I have an application in which there is a set of about 50 sounds, which range in length from about 300 ms to about 4 seconds. Various combinations of sounds need to be played at precise times (up to 10 of them can be triggered at once). Some sounds need to be repeated at intervals as short as 100 ms.
I've implemented this is as a two dimensional array of AVAudioPlayers, all of which are loaded with sounds at application launch. There are several players for each sound, to accommodate rapidly repeating sounds. The players for a particular sound are reused in strict rotation. When a new sound is scheduled, the oldest player for that sound is stopped and its current time is set to 0, so the sound will repeat from the start, the next time it's scheduled using player.play(atTime:). There's a thread that schedules new sets of sounds about 300 ms before they are to be played.
It all works quite nicely, up to a point that varies with the device. Eventually, as sounds are played more rapidly, and/or more simultaneous sounds are scheduled, some sounds will refuse to play.
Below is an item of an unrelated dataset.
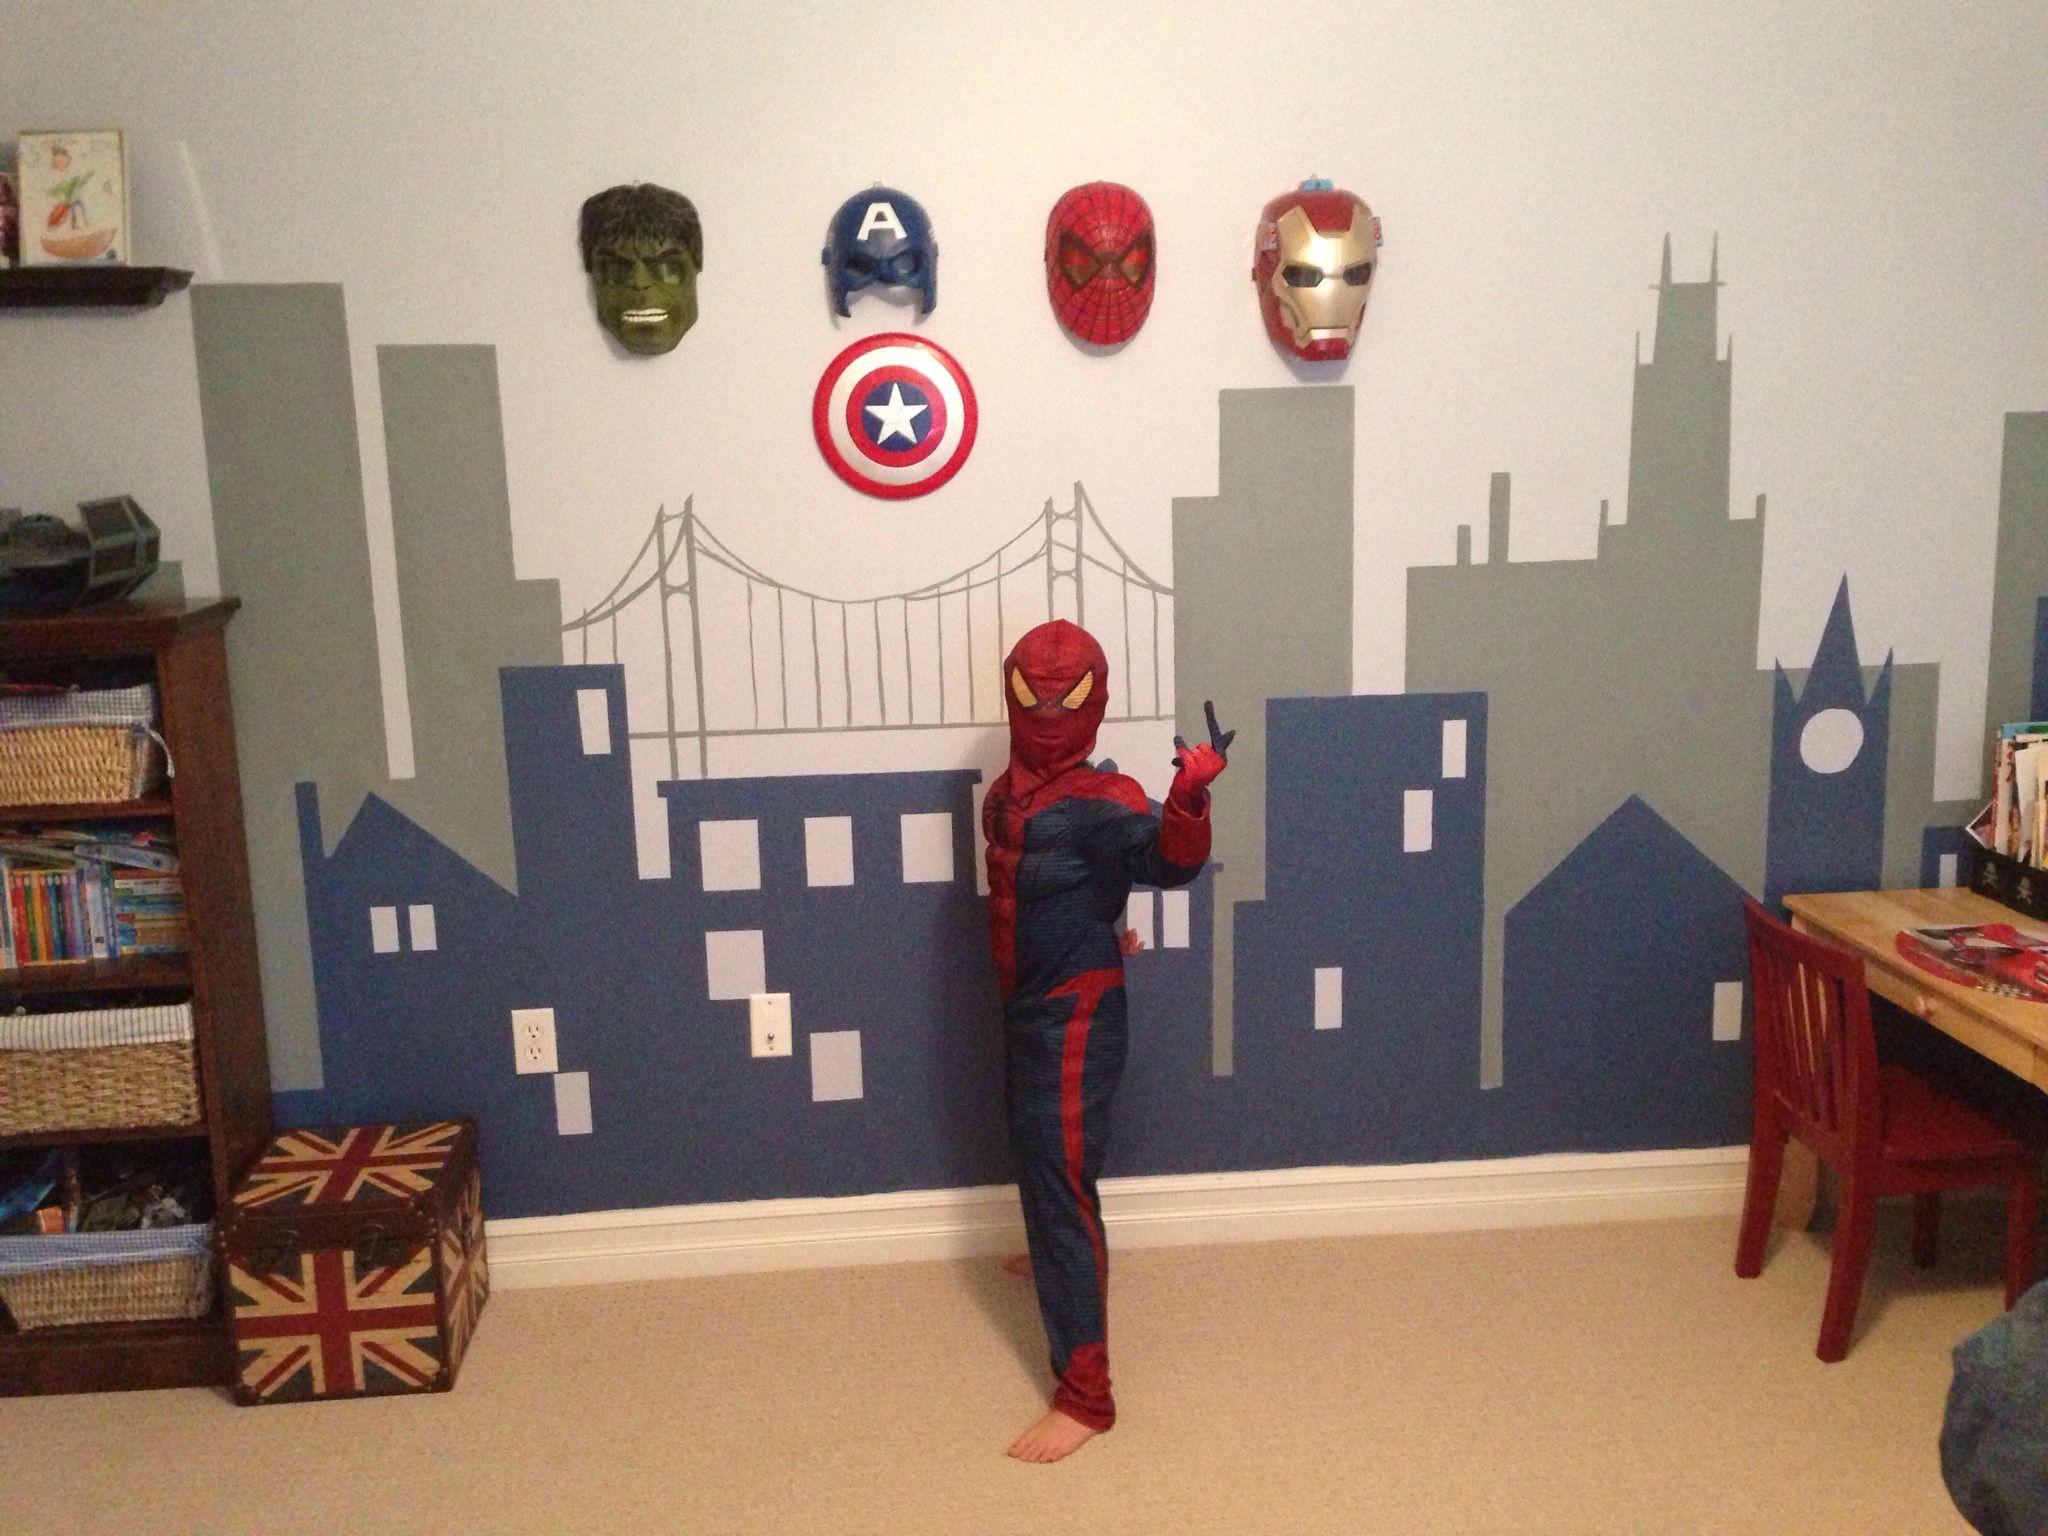 My Superheroes Bedroom As I Lay Me Down To Sleep

I'm contemplating switching to AVAudioEngine and AVAudioPlayerNodes, using a mixer node. Does anyone know if that approach is likely to handle more simultaneous sounds? My guess is that both approaches translate into a rather similar set of CoreAudio functions, but I haven't actually written the code to test that hypothesis - before I do that, I'm hoping that someone else may have explored this issue before me. I've been deep into CoreAudio before, and I'm hoping to be able to use these handy high-level functions instead!
Also, does anyone know of a way to trigger a closure when a sound initiates? The documented functionality allows for a callback closure, but the only way I've been able to trigger events when the sounds start, is to create a high quality of service queue for DispatchQueue. Unfortunately, depending on the system load, queued events may be executed at times that vary from the scheduled times by up to about 50 ms, which is not quite as precise as I'd prefer to be.